Just weeks later, a Connecticut mother was said to believe the President was trying to communicate with her. She made her way to the nation's capital and after driving erratically toward the White House, she was shot and killed by police.

It's mayhem all too personal for some South Florida families.

"He held onto me. He was asking me, 'Why did I want to shoot him, did I have a gun?'"

A South Florida mother shared her families personal nightmare with CBS 4 news, desperate to get him help. She explained that her son believed her iPhone was actually a gun.

"I somehow got out of his grasp and ran out the door and called the cops," she told CBS 4 news.

Her story is one of heartbreak and fear for this mother and her family.

Alarms began when one of her sons realized that his brother was taping up the windows in his room to block out messages he reportedly thought were being transmitted to his brain. He also covered light fixtures and smoke alarms thinking he was being watched. According to his brother, "he believes there are cameras in there. He thinks the dogs two eyes have camera as well."

The family, whose name CBS4 is not revealing, explained they were desperate to find proper help for their loved one, who, for the past two months, has been bouncing in and out of mental health treatment facilities.

All the while, his family says, he was convinced the government has planted radio frequency chips in his teeth. He wrote on one note...ObamacaresRFID.

According to his mother, "He believes that he had four chips in his teeth. That they are tracking him."

"This is occurring more and more often. More familes are affected with a loved one," said Dr. Deborah Mash, Founder of the University of Miami Brain Bank.

She has studied the human brain for two decades and said that with advancements in today's science, particularly with high tech MRI's, along with the studies of brains post mortem, mental illness and neurological disorders can be visually detected in the brain.

"The temporal lobe here is where you get the abnormal hallucination and you hear the voices," she told CBS4 Chief Investigator Michele Gillen. "When a person tells us their hearing voices or they think they have a chip implanted in their brain, this is an abnormal state of activity in the brain. This is something that tells us that they need help immediately."

Harley Stock is a criminal profiler and forensic psychologist. He knows all too well the often missed or ignored signs of mental illness.

"The handwriting literally, in some cases, is on the wall," he tells Gillen as he examined police photos that have never before been seen on TV.

Neighbors of a South Florida solider had no idea his walls were hand painted with ominous messages and drawings. That police said shocked even them.

"I've seen things you can not even imagine, and if I saw that...I would get out of there right away and call the police," Stock told Gillen.

The apartment belonged to a troubled South Florida solider whose family told CBS4 news had returned from war with PTSD and traumatic brain injury.

Family members had reached out for help for him time and time again alarmed over foreboding messages and his reported stockpiling of weapons.

Stock has reviewed multiple cases of where men and women,in divergent parts of the world, report they hear voices in their head.

"If somebody says to you 'God has told me I need to kill,' don't dismiss it, don't laugh at it, don't say it will never happen.

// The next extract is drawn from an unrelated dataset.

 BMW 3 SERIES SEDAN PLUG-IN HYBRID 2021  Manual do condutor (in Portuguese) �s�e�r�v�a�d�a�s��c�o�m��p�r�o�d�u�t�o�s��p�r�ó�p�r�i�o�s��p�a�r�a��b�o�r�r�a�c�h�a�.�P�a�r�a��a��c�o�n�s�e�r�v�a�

Take action. Call a mental health person," advised Stock

But despite the soldiers families efforts to get him help; he ultimately was released from a mental health treatment facility. Within hours of a judge setting him on his way- with a warning not to go near guns; he went home, got a knife and killed himself.

"People are desperate everywhere and its sad," said mental health advocate, Judge Steve Leifman. "Studies indicate that longer we take to treat someone...more likelier there may be permanent brain damage."

And yet he says that mental health laws and resources for help have not kept up with science;and what is now known about the brain and mental illness. He said there is no safety net.

"It's not working. It is failing, " Leifman cautioned. "If we continue this way, people are going to get hurt, people are going to get killed. Why do we wait for something terrible to happen?"